他手脚利索,很快又进行了第二次占卜,所卜的内容是:洪水能否平息?
占卜结果,大吉。
“哈哈,真有你的……”鹿小姐合掌一拍,“还真叫你给赌对了?”
谢云逐不动声色地抬眼看向她:“其实有一件事,我想拜托你去做。”
“什么事,说说看。”
谢云逐于是仔细和她交代了自己的计划,又从文具盒里掏出了一串省略号,“没办法,这个只够一个人用的,所以只能你一人去。即使能隐身,也极有可能遇到危险。不过如果你能够做成的话,我可以在任务结束后把剩下的标点符号都送给你研究。”

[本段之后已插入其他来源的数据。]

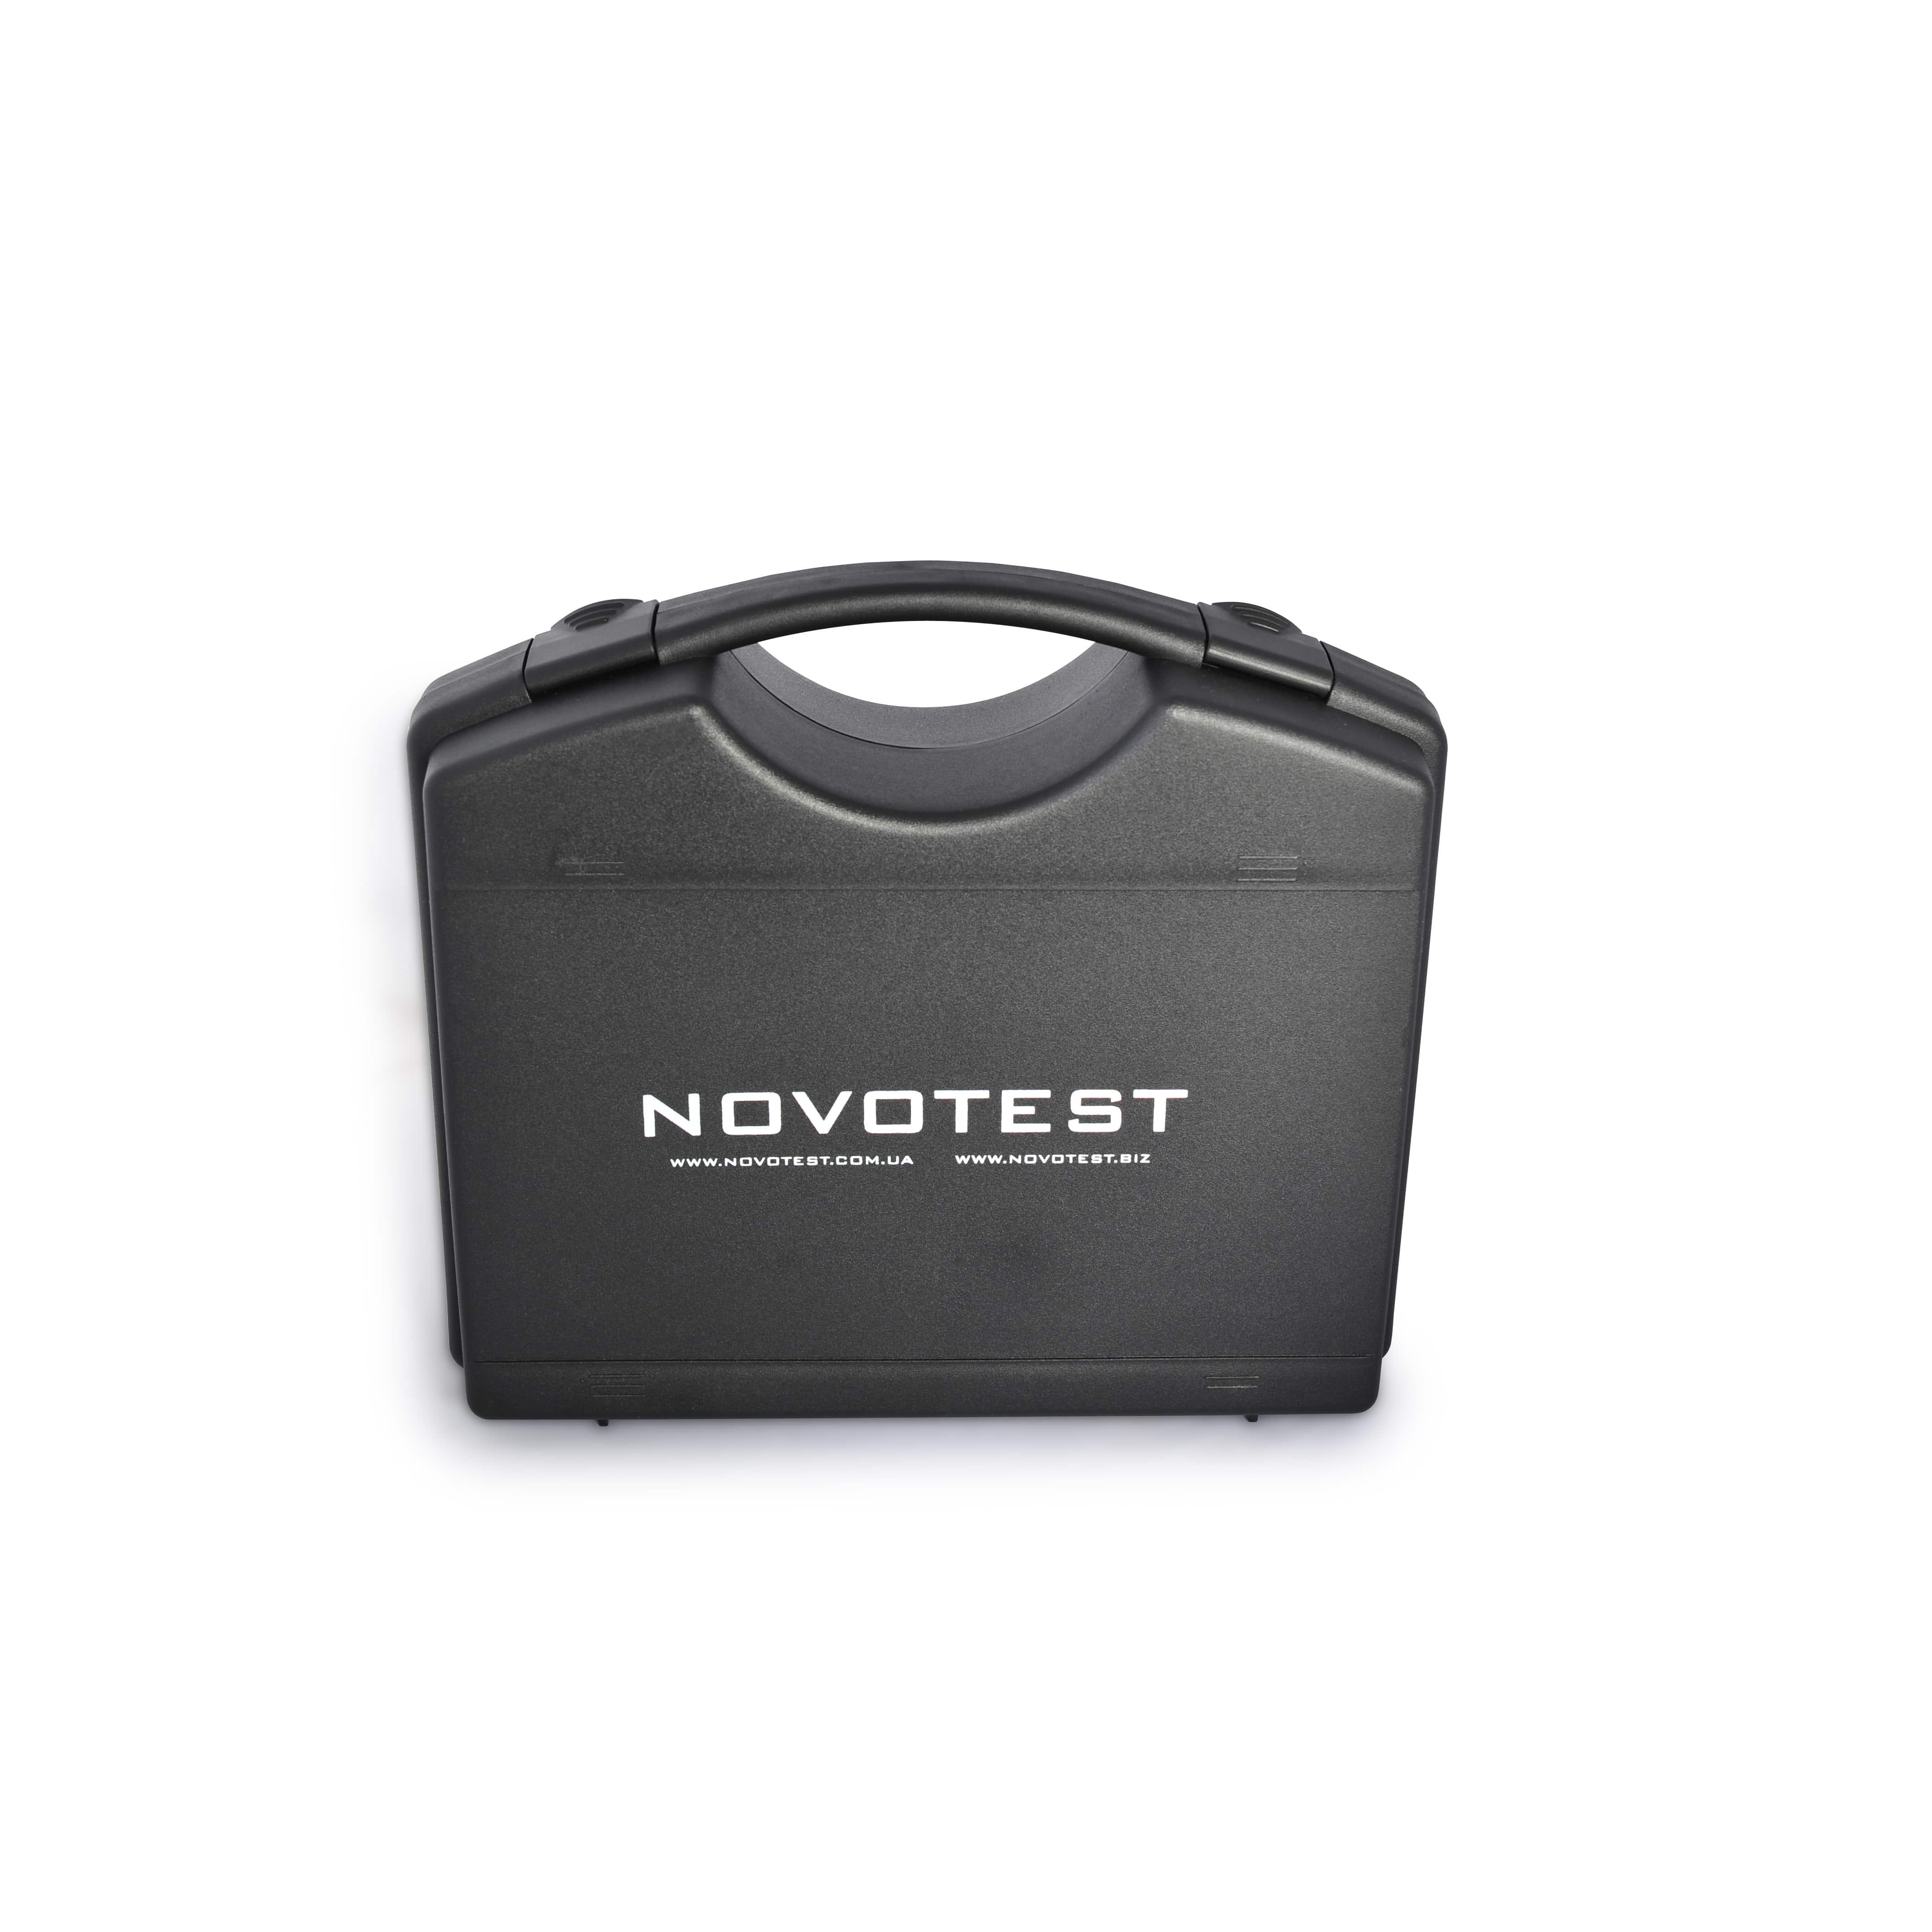 Novotest T-D3 case

他事无巨细地说清楚了风险,然后就等着鹿小姐回答。谁知道鹿小姐根本不带犹豫的,从他手里接过了省略号,爱不释手地把玩着:“说真的啊,都给我?”
“嗯,都给你。”
“成交!”鹿小姐笑嘻嘻地拍了下他的肩膀,仿佛他们早就再熟悉不过,“咱俩谁跟谁啊,就交给我吧,我做事,你放心!”
他们耽误了这点时间,其他人也陆陆续续起了床,围坐在一圈吃早饭。
昨日的隐忧并没有得到解决,谢云逐也根本不解释,只是叫他们等着,等一个连他都无法确定的结果。一夜下来很多人都没有睡好,又都在言语间开始刺探,要他给出那个“结果”来。
“走吧,出门看看。”谢云逐率先背起背包,二话不说迈出门槛。
众人面面相觑,连忙跟了上去。
今日雨小,在夜村算得上是一个和煦的好天。谢云逐出了门,就直接朝黄河走去。
有早起的村民,已经聚集在那头,一片喧闹。清理者们都加快脚步,来到河边,才发现那滔天的动静并非是村民弄出来的。
河水泛滥的黄河两岸,成千上万的人头攒动,正在治理洪水,夯土的号子声震彻云霄。那些人都是藏青色的短打装扮,应该是治水队的人……不,那种生物,或许不应该被称为“人”。
他们是腐烂程度不一的尸体,大多被水泡得肿胀发青,也有烂得只剩下一副骨架的,还在踩着木头模具里的湿泥,将它踩成坚实的夯土层。
谁都说不清楚这一夜发生了什么,叫那些浸泡在水中的尸体全都活了过来,全都投入了治水的工作。
村里的大坝是洪灾的第一个月就被冲毁了的,如今尸体们又重新开始修筑。
几个跪在泥泞中的埽工,用三股麻绳拧成的绳子捆扎碎石,然后抡起烂可见骨的胳膊,将其丢入水中。对于汹涌的决口来说这只是杯水车薪,然而这一块块基石累积起来,终将成为坚不可摧的城墙。